PETALING JAYA (Jan 15): Malaysia’s economy is near its potential, supported by stable monetary policy and gradual fiscal consolidation, signalling steady conditions despite external uncertainties.
This was noted during the Real Estate and Housing Developers' Association (Rehda) Institute’s flagship CEO Series 2026, which brought together over 400 senior decision-makers from government, finance, industry, academia, and the international business community to discuss Malaysia and Asean’s economic outlook, investment priorities, and human capital challenges.
A key highlight of the conference was the launch of the Rehda Institute Youth Initiative (Riyi), a national human capital development programme that brought together more than 13 universities nationwide alongside corporate leaders and industry practitioners to provide structured mentorship, early industry exposure, and career guidance for high-potential students.
Jeffrey Cheah Institute on Southeast Asia senior fellow and director Yeah Kim Leng said Malaysia’s monetary policy has so far navigated both domestic and external challenges effectively.
“Financial and monetary stability is a core mandate of the central bank. Post-pandemic growth has caught up with pre Covid-19 levels, with the recovery described as relatively sharp, and supported by strong financial institutions,” he said during the “Asean and Malaysia’s Economic Outlook 2026: Navigating Global Headwinds and Fostering Regional Resilience” panel session at Le Méridien Petaling Jaya today.
He added that much of this recovery is due to financial stability, sufficient credit flows, and a balance between savings and investment.
“A stable monetary policy framework has strengthened investor and consumer confidence while helping to moderate external shocks, particularly to the financial system.
“Monetary adjustments have been gradual, providing stability for savings, private sector investment, and government planning,” he said.
Yeah said the key priority remains ensuring price stability while sustaining growth, noting that economic performance has exceeded expectations.
“Growth last year was above expectations, and 2025 is likely to approach 5%, based on third-quarter growth of 5.2% and 4.7% growth over the first three quarters,” he said.
He also stated that low inflation has provided both monetary and fiscal space should global economic conditions deteriorate, while current growth levels suggest a neutral monetary policy stance.

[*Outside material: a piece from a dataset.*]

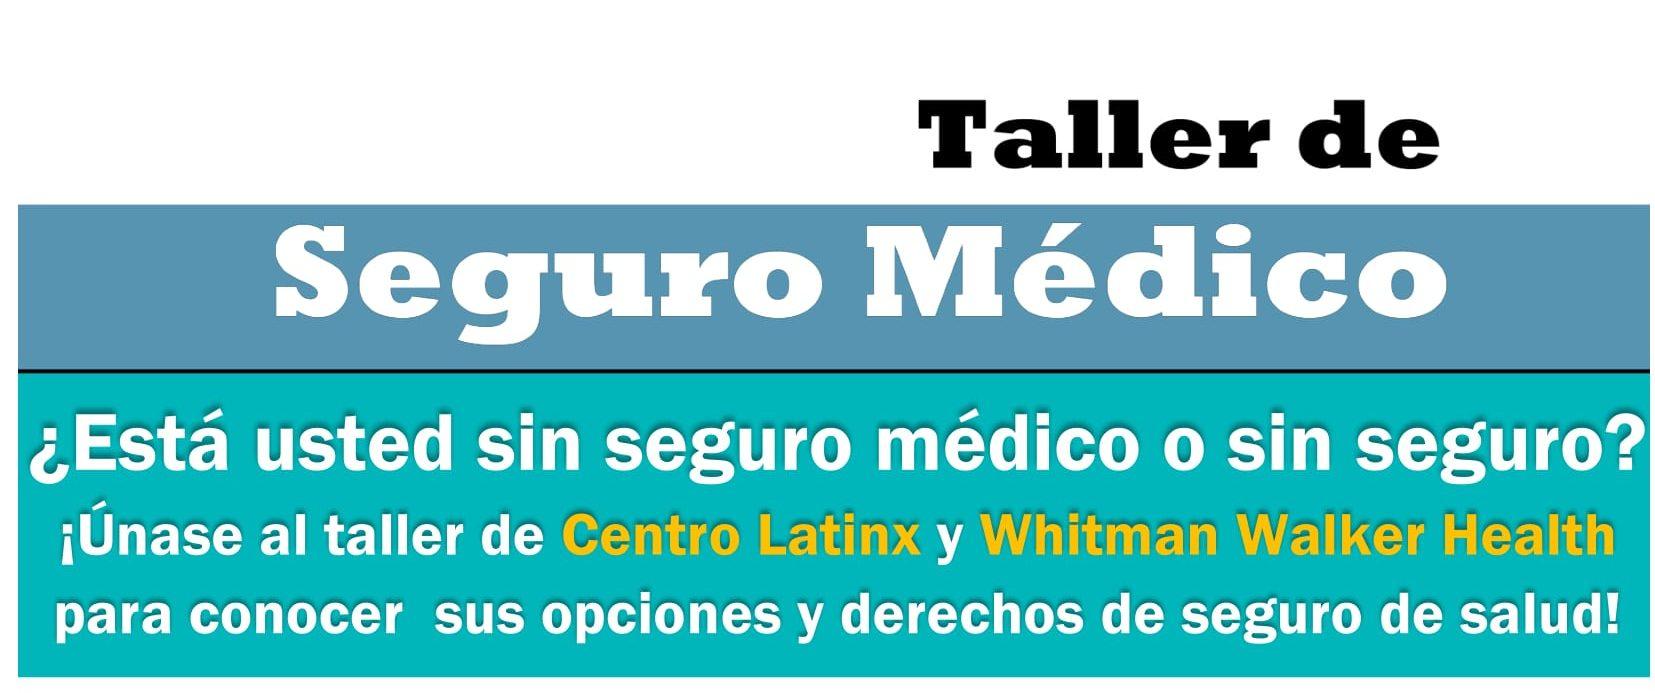 Centro Latinx Taller Seguro Medico

“Growth is now close to its potential level,” Yeah stated.
JS-SEZ should create higher-scale jobs
Singapore strategic management advisory firm Bradshaw & Mitchell managing director Prakash Nagarajan highlighted two key components for the Johor–Singapore Special Economic Zone’s (JS-SEZ) success, with the first being an efficient business ecosystem.
“It is pointless to create economic zones while continuing with old practices. There has been steadfast commitment from the Johor state government and the federal government, but the proof is in the pudding.
“It’s not just about having policies, but ensuring that the machinery on the ground lives up to expectations. There is some way to go, but this is a key ingredient,” he said during the Special Focus Session on Johor–Singapore and JS-SEZ panel session.
Prakash said the second component is looking at things from a different perspective, particularly the type of jobs created.
“Historically, Johor has been seen as a low-cost manufacturing centre, but that has evolved. Along with development, there needs to be higher-tier job creation with better salaries to retain talent,” he added.
RTS Link and Bukit Chagar development on track
Meanwhile, the government remains optimistic that the Johor Bahru (JB)–Singapore Rapid Transit System (RTS) Link project will be fully completed by December this year, ahead of its opening to passengers in January 2027. Construction of the physical infrastructure is nearly complete, while system installation and comprehensive testing are underway to ensure safety and smooth operations.
Transport Minister Anthony Loke Siew Fook said the project is progressing on schedule, with critical components such as train operations and station systems currently being installed.
“This testing phase is crucial because without thorough trials, the RTS cannot operate. In JB, trains are already being tested on the tracks,” he told the press at the event.
Loke also highlighted plans to implement a “co-location” concept for the Customs, Immigration, and Quarantine (CIQ) complex, placing Malaysian immigration officers in Woodlands and their Singaporean counterparts at Bukit Chagar Station.
On Bukit Chagar’s development, he added that the government is inspired by transit-oriented development (TOD) models like those in Hong Kong, encouraging building owners to collaborate for better connectivity and pedestrian access.